Bağış ve Downer |
Prof. Dr. Ata ATUN |
|
Geçen haftaya Türkiye Cumhuriyeti Avrupa Birliği Bakanı ve Baş müzakereci Egemen Bağış’ın sözleri ile BM Genel Sekreteri Bank Ki Moon’un Kıbrıs Özel Danışmanı Alexander Downer’in KKTC’de gizli kapılar ardında yaptığı kulis faaliyeti damgasını vurdu.
Özel Danışman Downer’in KKTC’yi ziyaret edip bazı Siyasi Parti, Sivil Toplum Örgütü ve Sendika yöneticilerini, “Türk tarafının detaylara boğularak müzakerelerin akışını yavaşlattığı” suçlamasıyla Cumhurbaşkanı Dr. Derviş Eroğlu’na karşı kışkırtarak, seslerini yükseltmesini istemesi, KKTC halkından büyük tepki görmesine neden olmuştu.
Bu ziyaret sonrasında kimlerin yapay ve sudan bahanelerle Eroğlu’na çattığını görmek ilginç oldu. Özellikle de “bayram değil, seyran değil, eniştem beni niye öptü” misali bir siyasi partinin müzakerelerin gidişatı ile ilgili protesto yürüyüşü yapması ve bazı sendikaların da Downer’in istekleri doğrultusunda açıklama yapmaları, Downer’in kimleri KKTC’de piyon gibi kullandığını su yüzüne çıkardı.
İşin ilginç yanı, Avrupa Birliği Bakanı ve Baş müzakereci Egemen Bağış’ın Londra’da Intercontinental Otel’de söylediği “Seçeneklerin arasında birleşmenin de bulunduğu ve 44 yıldır devam eden müzakerelerin çıkmaza girmesi durumunda KKTC’nin Türkiye’ye ilhakının da çözüm modellerinden bir tanesi olduğu” sözlerine tepki gösterenler de aynı Siyasi Parti, aynı Sivil Toplum Örgütü ve aynı Sendika yöneticileri.

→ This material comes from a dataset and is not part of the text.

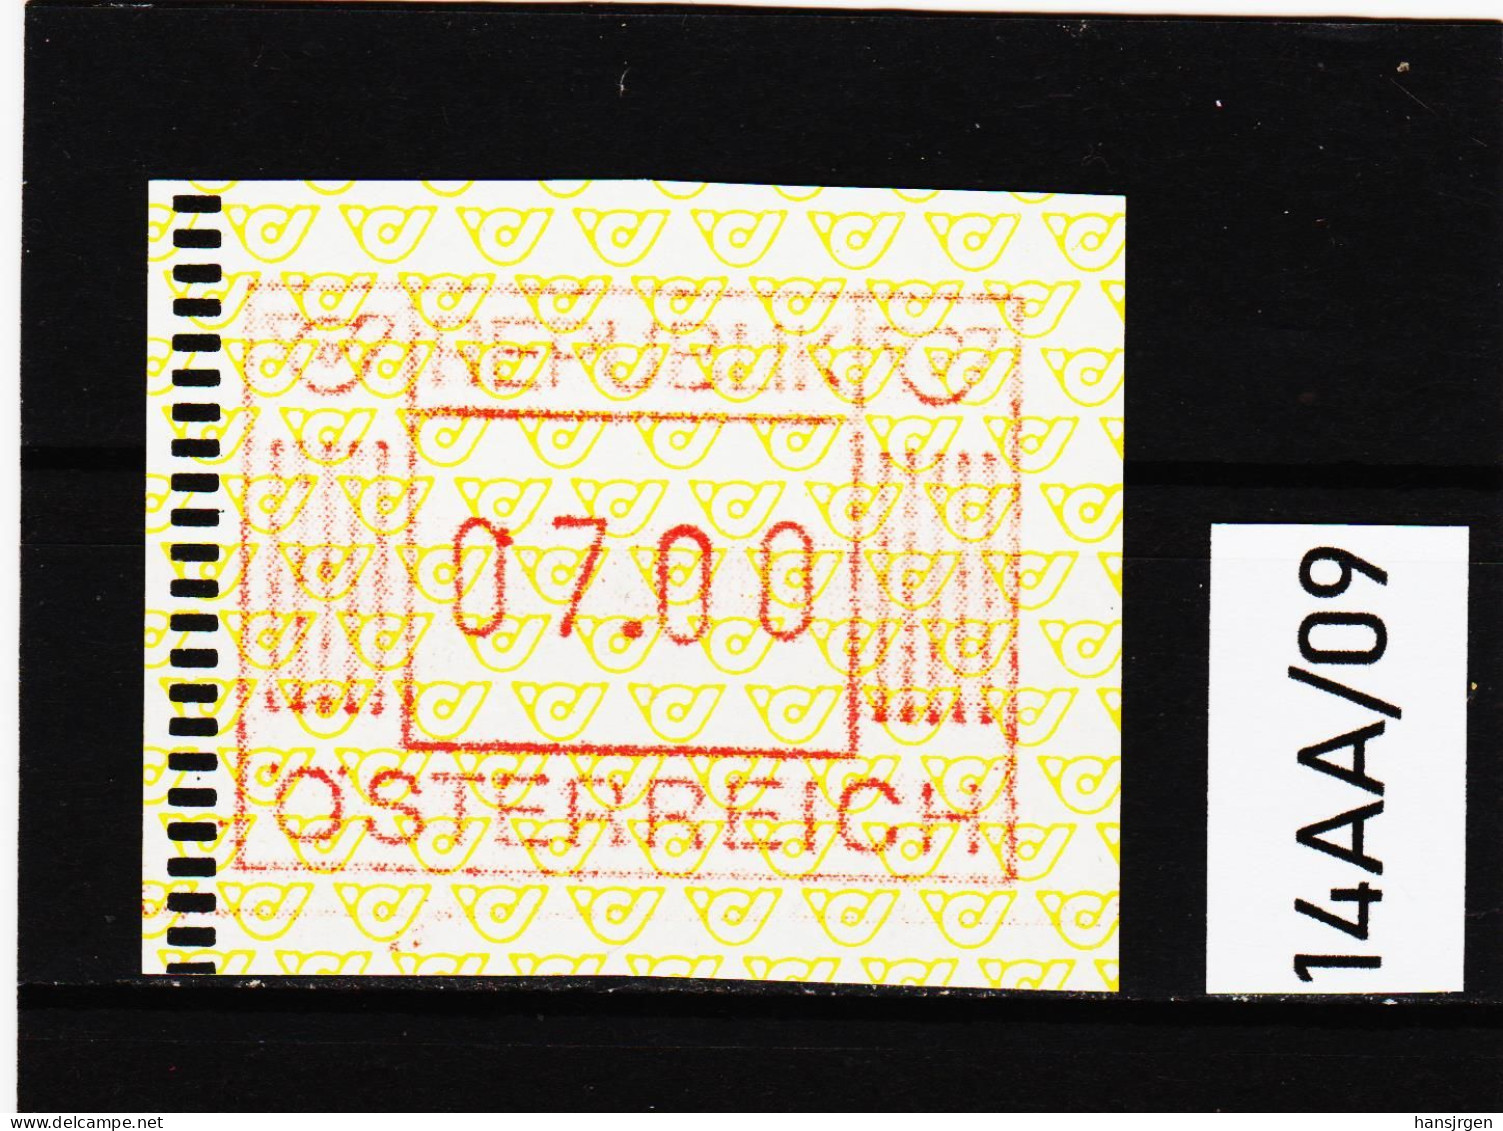 14AA/09 ÖSTERREICH 1983 AUTOMATENMARKEN 1. AUSGABE  7,00 Schilling   ** Postfrisch - Machine Labels [ATM]
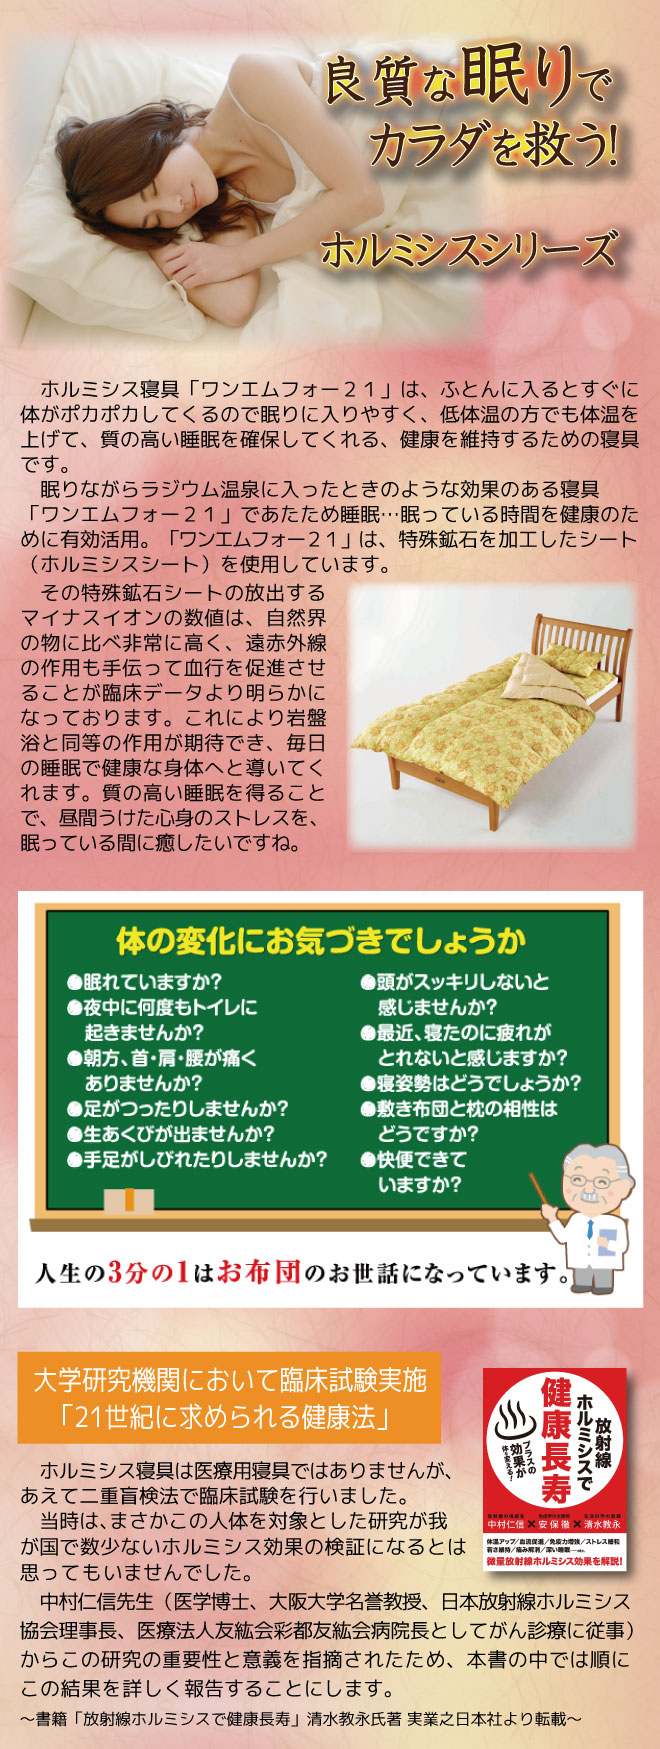 ホルミシス寝具シリーズ | 株式会社本物研究所 | 船井幸雄創業・健康

Sayın Bağış’ın sözlerinde hiçbir yanlışlık yok.
Elbette ki KKTC’nin Türkiye’ye ilhakı çözümlerden bir tanesi.
KKTC halkının yarısından fazlası bunu isterse, hiçbir Siyasi Parti, Sendika ve Sivil Toplum Örgütü bunun karşısında duramaz, buna engel de olamaz.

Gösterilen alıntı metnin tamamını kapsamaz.